As an issue, this has come to the fore because while net migration has surged to unsustainable levels (672,000 in the year to June 2023), official estimates and projections keep falling woefully short.

At the same time, the ‘long-run rate’ at which annual net migration is projected to settle keeps rising. In the most recent ONS population projections, which should feed into the modelling for this March’s Budget, that figure was revised up to 315,000. A decade ago, in the March 2014 Budget, that number was assumed to be 105,000 – exactly a third of where we’re thought to be heading now.

I have looked at why net migration projections are important for economic and fiscal policy making before, notably on CapX and for the Spectator, and in relation to the housing crisis for the Centre for Policy Studies. If we can’t get migration-driven population growth projections right, then we can’t anticipate future needs in terms of housing, school places, healthcare spending, the state pension and so on. Net migration added around 1.9% to the UK’s population in the two years to June 2023 – over 1.2 million people in the space of just two years.

The discrepancies between the projections and the actual numbers have become particularly stark since 2021 (although to be fair, the ONS and OBR are doing a lot of very good work to try to improve the quality and timeliness of the data). But having gone back through all 27 OBR editions of the OBR’s ‘Economic and fiscal outlook’ (EFO) to 2010, and ONS population projections back to 2008, it’s clear to me that the last two years are not really an aberration.

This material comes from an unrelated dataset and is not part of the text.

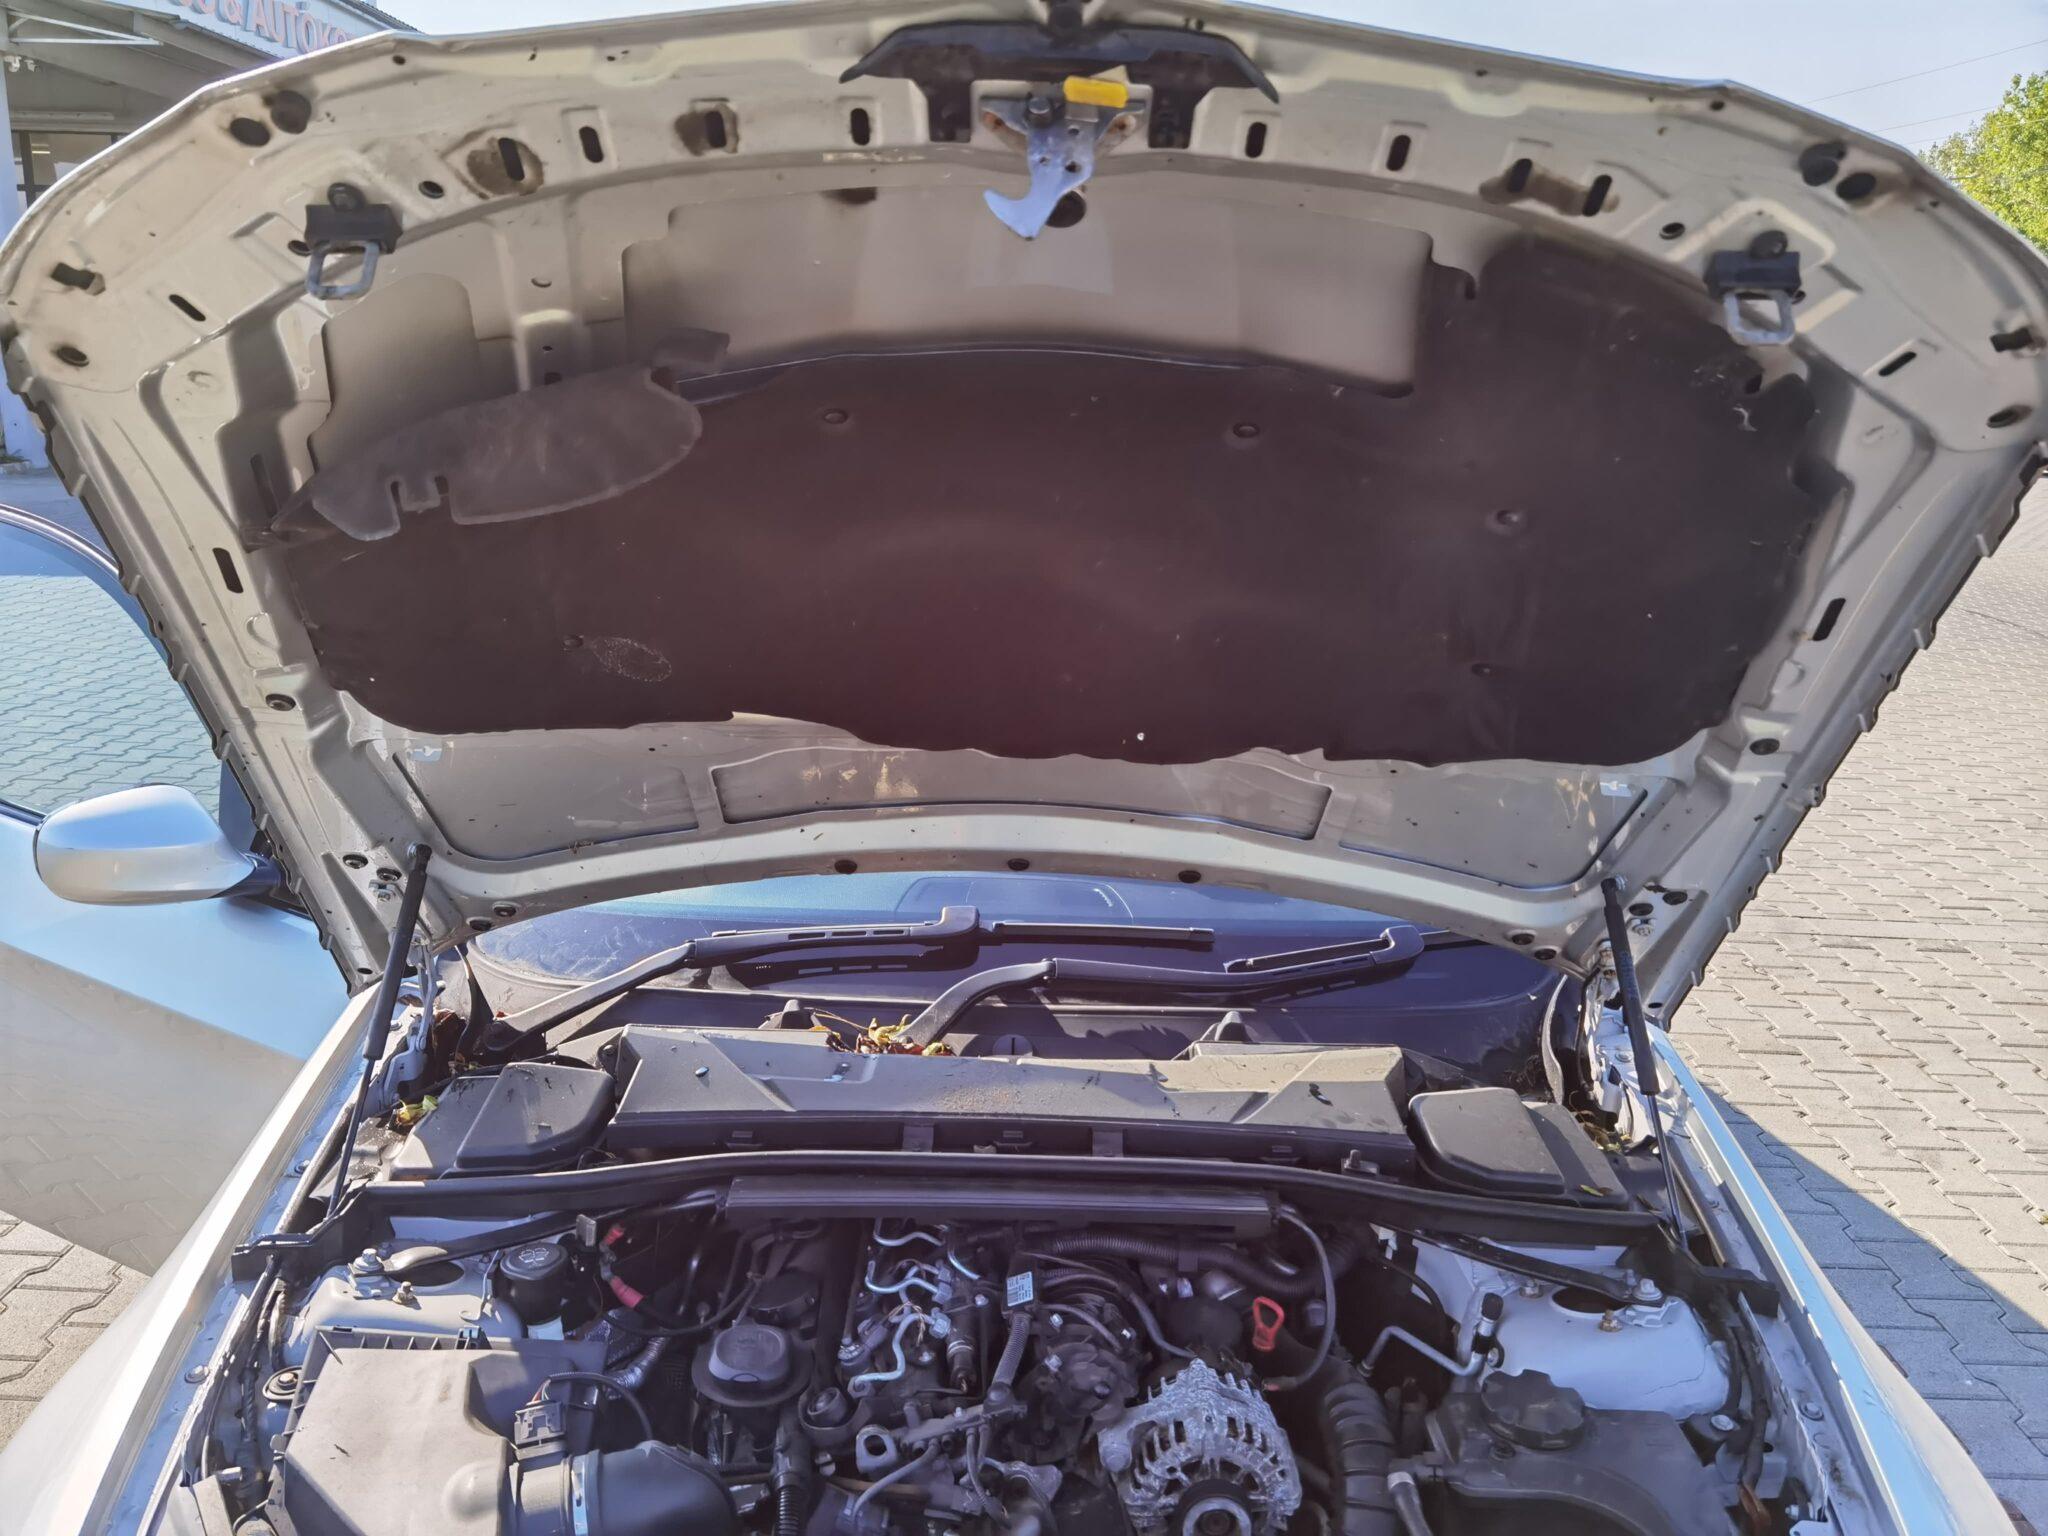 BMW E90 lci 318d Carbon Car Center Békéscsaba-16

In fact, the net migration projections used in OBR modelling have been consistently and significantly wrong since its foundation – as the graph below shows.

Rather than charting net migration assumptions used in every EFO, I have elected to display just those where the assumptions were changed. But in the underlying analysis, I have looked at every single one.

We have provisional net migration numbers up to 2022/23 from the ONS (although these are likely to be revised upwards in the May 2024 data release). This means we can compare the projections for each individual year in each individual EFO projection with the outturn up to and including 2022/23.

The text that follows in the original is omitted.